By Giuliana Prucca | Jul 2013Blue-Eyed Alì
one of many sons of the sons,
will go down from Algiers,
on sailing and rowing boats.
Thousands of men
will be with him
with little bodies and eyes
of fathers' poor dogs
on boats launched in the Kingdoms of Hunger.
From this "Prophecy" by Pier Paolo Pasolini comes the title of the installation by Gian Maria Tosatti (* 1980 Rome, Italy), The Kingdoms of Hunger, one of more than 200 works on display at Mediterranea 16, the Biennial of Young Artists which takes place in the enchanting Mole Vanvitelliana in Ancona, on the 2400th anniversary of the city foundation.
Some teeth emerge from the concrete floor made by Tosatti, like in a sea. They are the only remains of existences that every day leave their countries in hope of a better life on the other side. To this empty surface corresponds Voice of the Invisibles by Charbel Samuel Aoun (* 1980 Beirut, Lebanon), an installation made of old phones in various models: each one spreads the recorded voice of people the artist met during his travels across Mediterranean, telling, in different languages, a painful moment of their lives.
By removing the vision, paradoxically, both artists make visible the stories of migrants, the words of outcasts, the routes of hungry people. In that way, they shape their own artistic experience not as a still image, but as a travelling space, a sketch of lines that intersect and entangle the maps of the classical visual representation.
This is the moving image of Mediterranean and, at the same time, of Mediterranea 16, whose vocation, since 1985, is to be itinerant and to favor the intersection of cultures facing this sea that unites but also divides.
This is what the performance of Virginia Zanetti (* 1981 Fiesole, Italy), Walking on the water, reminds us: a walk on the rock of "Trave" off the coast of Ancona, a particular geological formation issued from the encounter of two faults which extends for about a mile, in part emerging out of the water. Legend says that once the "Trave" extended to the other side of Adriatic sea, as a symbol of fraternity, but then the fury of elements destroyed it and gave it the aspect of a collapsed bridge.
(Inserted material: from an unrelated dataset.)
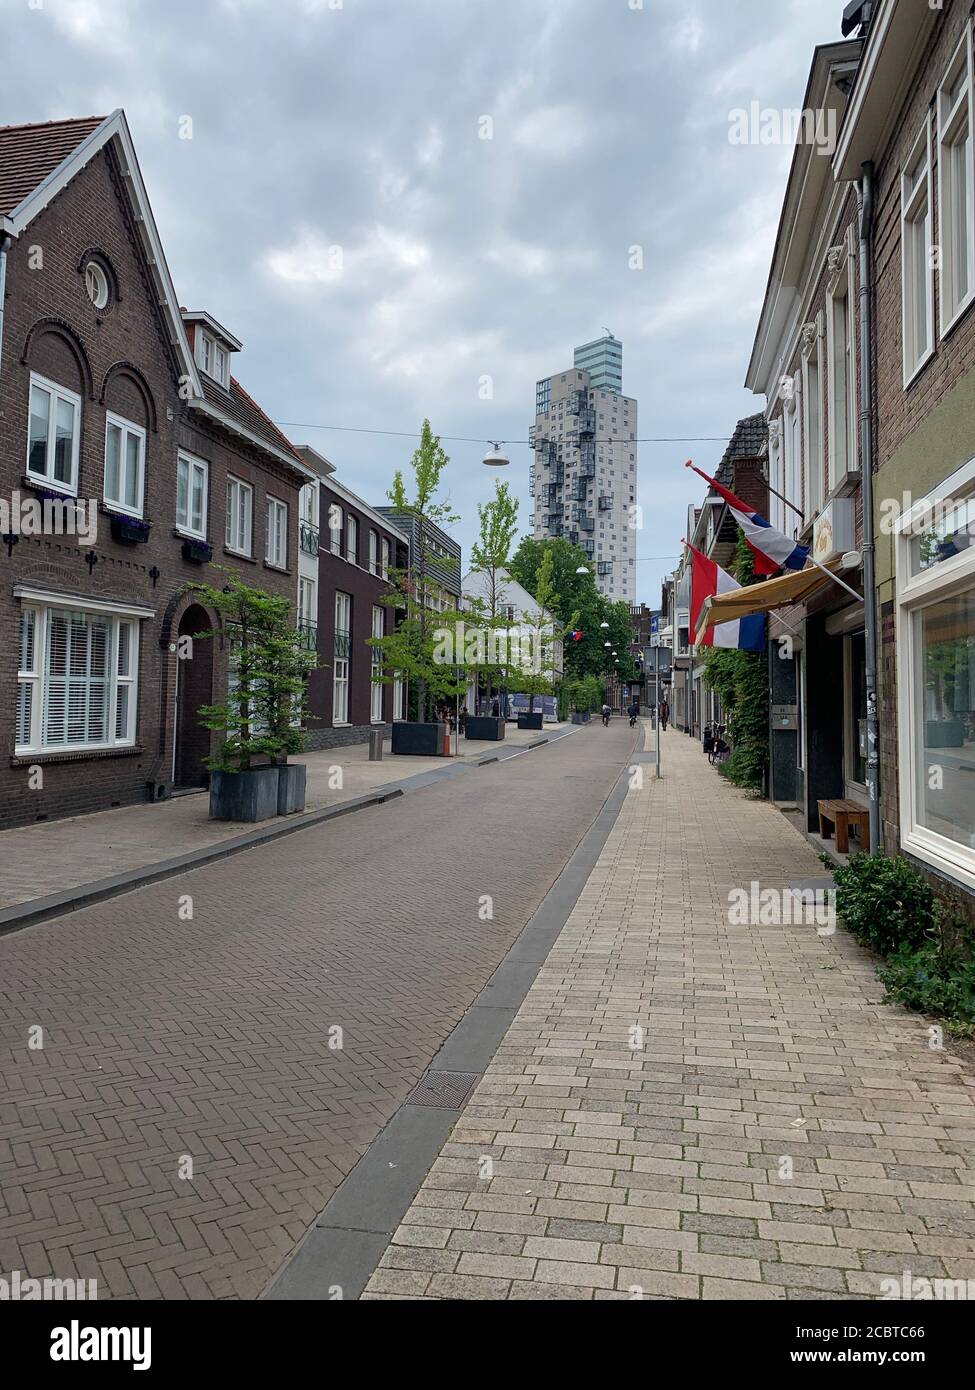 Edificios históricos modernos y antiguos en la calle Noordstraat. Tilburg, Brabante del Norte, países Bajos. Foto de stock

Zanetti investigates therefore the concepts of Miracle and Utopia as unreachable and unrealizable extremes, out of the rules of common logics; but she also allows to make direct experience of Mediterranean as a crossing and, simultaneously, as a barrier or a limit.
If you live on the wrong side and you don't get a visa, this could be an obstacle to freedom of movement and to artistic cooperation in this area of the world. That's what happened to the contemporary dance company Sareyyet Ramallah, active from 2005: it couldn't perform during the opening days because one of the dancers wasn't allowed to get out from his country. In this case too, paradoxically, the invisibility of the performance to the public sounds like a further denunciation against the effects of industrialization and colonialism on human beings and their surroundings. What the dancers are trying to do, through self-organization and self-knowledge, is to find a strategy in order to get out from this "Ordinary Madness" of present times by building a free performative situation in Palestine. A kingdom of art, out of the society's structures.
They who never wanted to know, they who had eyes only to beg,
they who lived like murderers underground, they who lived like bandits
under the sea, they who lived like crazy in the sky,
they who built
laws outside the law,
they who adapted themselves
to a world under the world.
Thus spoke Pasolini again in 1965 about migrants, thus could be defined today artists and curators of Mediterranea 16. By building a kingdom on the ruins, they restore the ancient meaning of Mediterranean: being a basin that embraces, a meeting point, a sea whose waters are really trans-boundary and not under jurisdiction of any State. Their work could be summarized by the gesture of Randa Maddah (* 1983 Majdal Shams, Syria): in her video Light Horizon, an actress meticulously tidies up the room of a ruined house in the village of Ain Fit in the Syrian Golan with the aim to creating a familiarity in the midst of tragedy and destruction.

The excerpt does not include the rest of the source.